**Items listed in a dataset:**
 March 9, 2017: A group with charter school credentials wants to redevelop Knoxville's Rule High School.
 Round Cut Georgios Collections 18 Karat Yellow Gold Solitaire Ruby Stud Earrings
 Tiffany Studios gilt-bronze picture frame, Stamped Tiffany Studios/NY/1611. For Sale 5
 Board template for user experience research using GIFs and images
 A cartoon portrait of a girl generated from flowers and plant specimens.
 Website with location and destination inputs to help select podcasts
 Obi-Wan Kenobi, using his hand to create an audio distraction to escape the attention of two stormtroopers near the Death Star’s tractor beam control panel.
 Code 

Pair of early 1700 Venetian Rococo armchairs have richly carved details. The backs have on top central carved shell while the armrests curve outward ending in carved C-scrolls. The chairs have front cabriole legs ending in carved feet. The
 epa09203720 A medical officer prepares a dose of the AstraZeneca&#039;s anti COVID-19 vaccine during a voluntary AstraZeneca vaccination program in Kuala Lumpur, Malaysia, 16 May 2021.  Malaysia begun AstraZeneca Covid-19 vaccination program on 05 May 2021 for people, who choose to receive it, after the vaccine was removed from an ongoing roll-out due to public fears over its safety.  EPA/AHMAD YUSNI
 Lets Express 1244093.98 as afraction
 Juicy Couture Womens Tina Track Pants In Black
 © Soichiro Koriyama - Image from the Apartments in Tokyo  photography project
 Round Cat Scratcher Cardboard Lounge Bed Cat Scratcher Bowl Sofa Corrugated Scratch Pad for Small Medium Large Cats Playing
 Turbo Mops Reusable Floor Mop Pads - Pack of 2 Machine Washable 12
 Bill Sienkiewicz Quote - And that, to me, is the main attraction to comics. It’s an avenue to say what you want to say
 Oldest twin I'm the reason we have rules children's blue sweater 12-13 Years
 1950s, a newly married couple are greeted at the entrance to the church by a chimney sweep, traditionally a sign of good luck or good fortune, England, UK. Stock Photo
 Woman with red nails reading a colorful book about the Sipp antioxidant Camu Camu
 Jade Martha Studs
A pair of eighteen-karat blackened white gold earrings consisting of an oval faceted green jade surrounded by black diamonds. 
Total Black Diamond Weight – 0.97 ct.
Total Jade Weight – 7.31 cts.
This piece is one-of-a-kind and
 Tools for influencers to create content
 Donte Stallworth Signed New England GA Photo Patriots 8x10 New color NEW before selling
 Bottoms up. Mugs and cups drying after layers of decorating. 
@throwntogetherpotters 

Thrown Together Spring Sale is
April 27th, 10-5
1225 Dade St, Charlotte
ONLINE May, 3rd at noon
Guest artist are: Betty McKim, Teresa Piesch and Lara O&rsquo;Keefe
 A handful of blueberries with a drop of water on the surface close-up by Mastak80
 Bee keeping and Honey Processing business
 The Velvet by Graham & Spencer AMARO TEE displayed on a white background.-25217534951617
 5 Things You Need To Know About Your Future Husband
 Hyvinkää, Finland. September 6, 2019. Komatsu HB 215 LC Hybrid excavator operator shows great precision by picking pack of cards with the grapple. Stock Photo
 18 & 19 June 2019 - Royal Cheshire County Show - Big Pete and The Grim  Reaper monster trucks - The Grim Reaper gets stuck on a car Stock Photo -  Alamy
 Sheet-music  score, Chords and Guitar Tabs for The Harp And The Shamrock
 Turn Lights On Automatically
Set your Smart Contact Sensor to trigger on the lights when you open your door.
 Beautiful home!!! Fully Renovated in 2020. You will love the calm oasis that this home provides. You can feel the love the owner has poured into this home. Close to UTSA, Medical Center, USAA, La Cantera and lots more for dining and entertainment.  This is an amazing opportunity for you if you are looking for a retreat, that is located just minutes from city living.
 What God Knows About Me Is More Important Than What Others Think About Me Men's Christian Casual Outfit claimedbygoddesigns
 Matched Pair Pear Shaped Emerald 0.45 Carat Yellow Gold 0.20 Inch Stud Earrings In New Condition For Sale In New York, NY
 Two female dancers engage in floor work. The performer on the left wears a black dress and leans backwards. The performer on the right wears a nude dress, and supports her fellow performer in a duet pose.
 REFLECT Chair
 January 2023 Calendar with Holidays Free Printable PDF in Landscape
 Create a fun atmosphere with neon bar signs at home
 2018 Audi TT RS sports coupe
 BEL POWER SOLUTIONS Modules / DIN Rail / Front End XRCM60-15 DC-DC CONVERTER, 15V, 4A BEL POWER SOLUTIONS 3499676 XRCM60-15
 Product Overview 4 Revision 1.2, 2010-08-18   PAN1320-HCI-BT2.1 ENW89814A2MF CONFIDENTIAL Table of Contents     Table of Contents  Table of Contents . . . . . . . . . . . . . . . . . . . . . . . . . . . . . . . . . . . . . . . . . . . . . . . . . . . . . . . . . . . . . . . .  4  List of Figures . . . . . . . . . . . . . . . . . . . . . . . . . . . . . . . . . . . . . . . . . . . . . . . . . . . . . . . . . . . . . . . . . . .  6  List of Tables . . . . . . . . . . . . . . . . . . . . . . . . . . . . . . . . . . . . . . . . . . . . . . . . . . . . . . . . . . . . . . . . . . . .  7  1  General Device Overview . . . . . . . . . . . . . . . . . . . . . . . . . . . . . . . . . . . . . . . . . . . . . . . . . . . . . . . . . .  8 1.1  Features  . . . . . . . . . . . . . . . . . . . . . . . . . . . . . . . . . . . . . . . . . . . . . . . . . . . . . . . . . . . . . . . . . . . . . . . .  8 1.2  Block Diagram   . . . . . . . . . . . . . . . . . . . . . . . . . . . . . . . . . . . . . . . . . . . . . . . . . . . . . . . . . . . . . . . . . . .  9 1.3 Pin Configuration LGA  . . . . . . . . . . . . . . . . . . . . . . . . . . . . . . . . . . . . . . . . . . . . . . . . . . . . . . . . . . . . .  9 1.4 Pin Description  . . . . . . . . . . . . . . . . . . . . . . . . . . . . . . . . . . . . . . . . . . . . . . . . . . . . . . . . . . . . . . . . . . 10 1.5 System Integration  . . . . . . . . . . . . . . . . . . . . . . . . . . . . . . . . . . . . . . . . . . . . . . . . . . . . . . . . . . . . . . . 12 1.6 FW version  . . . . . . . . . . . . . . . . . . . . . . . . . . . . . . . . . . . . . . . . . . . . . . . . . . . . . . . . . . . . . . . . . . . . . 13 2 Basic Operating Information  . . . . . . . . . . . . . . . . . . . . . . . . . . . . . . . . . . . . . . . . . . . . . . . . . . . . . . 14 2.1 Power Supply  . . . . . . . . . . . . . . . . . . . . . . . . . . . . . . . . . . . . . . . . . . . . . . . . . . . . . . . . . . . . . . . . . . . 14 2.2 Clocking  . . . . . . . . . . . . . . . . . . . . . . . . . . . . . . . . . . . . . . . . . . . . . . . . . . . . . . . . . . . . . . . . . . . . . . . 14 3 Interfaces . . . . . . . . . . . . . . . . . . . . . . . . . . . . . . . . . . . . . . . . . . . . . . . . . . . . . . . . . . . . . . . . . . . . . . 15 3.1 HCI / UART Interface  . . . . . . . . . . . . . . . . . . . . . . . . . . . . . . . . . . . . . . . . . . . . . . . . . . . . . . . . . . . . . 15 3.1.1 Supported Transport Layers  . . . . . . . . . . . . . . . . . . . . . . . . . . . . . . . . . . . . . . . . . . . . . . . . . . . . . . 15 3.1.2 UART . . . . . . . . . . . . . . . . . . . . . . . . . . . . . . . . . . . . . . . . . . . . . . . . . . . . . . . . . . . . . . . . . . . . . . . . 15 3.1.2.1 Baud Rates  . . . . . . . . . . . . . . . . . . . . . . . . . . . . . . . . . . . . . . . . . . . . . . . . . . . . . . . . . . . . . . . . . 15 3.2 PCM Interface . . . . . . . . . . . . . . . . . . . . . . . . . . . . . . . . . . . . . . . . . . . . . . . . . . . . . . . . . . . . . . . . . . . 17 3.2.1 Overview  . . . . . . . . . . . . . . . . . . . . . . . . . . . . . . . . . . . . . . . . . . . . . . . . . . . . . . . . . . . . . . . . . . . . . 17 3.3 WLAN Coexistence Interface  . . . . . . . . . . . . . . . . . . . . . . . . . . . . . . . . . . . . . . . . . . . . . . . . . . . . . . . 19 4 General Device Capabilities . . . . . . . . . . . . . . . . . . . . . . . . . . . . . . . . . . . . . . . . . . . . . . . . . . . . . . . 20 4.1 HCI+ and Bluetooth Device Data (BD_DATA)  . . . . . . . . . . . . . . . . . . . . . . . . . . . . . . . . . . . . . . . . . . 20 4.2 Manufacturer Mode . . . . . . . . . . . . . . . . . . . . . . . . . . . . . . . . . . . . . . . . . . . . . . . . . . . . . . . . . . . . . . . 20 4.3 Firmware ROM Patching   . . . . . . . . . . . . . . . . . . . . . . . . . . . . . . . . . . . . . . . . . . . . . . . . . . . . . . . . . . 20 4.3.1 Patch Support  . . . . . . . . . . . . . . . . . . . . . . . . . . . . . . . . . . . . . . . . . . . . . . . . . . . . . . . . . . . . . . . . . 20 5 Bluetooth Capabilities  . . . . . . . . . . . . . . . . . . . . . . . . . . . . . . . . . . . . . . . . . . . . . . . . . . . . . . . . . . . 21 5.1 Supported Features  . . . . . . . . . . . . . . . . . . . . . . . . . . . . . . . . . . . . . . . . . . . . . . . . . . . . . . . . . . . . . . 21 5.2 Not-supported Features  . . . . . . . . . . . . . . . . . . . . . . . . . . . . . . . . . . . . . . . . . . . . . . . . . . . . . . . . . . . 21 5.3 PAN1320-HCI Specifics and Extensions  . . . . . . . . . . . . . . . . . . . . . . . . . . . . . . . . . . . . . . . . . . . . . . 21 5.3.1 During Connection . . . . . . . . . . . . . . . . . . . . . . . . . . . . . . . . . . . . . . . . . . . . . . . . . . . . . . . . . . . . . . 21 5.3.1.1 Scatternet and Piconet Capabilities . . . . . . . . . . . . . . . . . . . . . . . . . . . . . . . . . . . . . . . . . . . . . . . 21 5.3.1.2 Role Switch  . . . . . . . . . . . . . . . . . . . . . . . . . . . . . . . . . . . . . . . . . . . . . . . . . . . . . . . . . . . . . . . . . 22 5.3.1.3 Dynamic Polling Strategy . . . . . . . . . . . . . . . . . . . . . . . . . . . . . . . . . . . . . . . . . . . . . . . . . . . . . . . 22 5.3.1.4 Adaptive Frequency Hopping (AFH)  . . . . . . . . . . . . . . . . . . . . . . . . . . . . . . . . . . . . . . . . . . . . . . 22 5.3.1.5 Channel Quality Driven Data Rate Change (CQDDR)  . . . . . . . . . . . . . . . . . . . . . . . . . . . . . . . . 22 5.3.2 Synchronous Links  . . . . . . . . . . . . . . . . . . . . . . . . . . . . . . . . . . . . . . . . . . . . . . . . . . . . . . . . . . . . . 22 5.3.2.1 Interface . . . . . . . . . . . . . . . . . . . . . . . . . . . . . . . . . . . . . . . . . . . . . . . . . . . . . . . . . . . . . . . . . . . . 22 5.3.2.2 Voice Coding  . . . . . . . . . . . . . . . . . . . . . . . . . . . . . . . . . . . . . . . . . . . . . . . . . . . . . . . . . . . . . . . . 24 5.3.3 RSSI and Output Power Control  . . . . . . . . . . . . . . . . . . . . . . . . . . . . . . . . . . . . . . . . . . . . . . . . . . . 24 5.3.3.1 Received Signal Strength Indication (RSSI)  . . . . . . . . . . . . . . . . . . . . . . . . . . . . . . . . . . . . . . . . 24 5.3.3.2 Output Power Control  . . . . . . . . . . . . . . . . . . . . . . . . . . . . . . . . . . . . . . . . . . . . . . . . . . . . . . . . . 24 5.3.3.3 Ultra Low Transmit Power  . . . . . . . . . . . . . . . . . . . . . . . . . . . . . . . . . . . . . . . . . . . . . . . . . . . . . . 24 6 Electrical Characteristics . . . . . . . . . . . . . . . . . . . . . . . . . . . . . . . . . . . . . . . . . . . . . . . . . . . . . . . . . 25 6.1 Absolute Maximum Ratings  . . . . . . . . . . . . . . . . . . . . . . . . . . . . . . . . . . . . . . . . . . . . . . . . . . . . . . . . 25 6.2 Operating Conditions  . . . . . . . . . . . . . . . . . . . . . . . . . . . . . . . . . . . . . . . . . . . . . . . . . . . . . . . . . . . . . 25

**WHAT THE EXERCISE ASKS:** The lines from the beginning of the records through the line containing "Pair of early" should be reproduced exactly. Include nothing else.

**TASK ANSWER:**
 March 9, 2017: A group with charter school credentials wants to redevelop Knoxville's Rule High School.
 Round Cut Georgios Collections 18 Karat Yellow Gold Solitaire Ruby Stud Earrings
 Tiffany Studios gilt-bronze picture frame, Stamped Tiffany Studios/NY/1611. For Sale 5
 Board template for user experience research using GIFs and images
 A cartoon portrait of a girl generated from flowers and plant specimens.
 Website with location and destination inputs to help select podcasts
 Obi-Wan Kenobi, using his hand to create an audio distraction to escape the attention of two stormtroopers near the Death Star’s tractor beam control panel.
 Code 

Pair of early 1700 Venetian Rococo armchairs have richly carved details. The backs have on top central carved shell while the armrests curve outward ending in carved C-scrolls. The chairs have front cabriole legs ending in carved feet. The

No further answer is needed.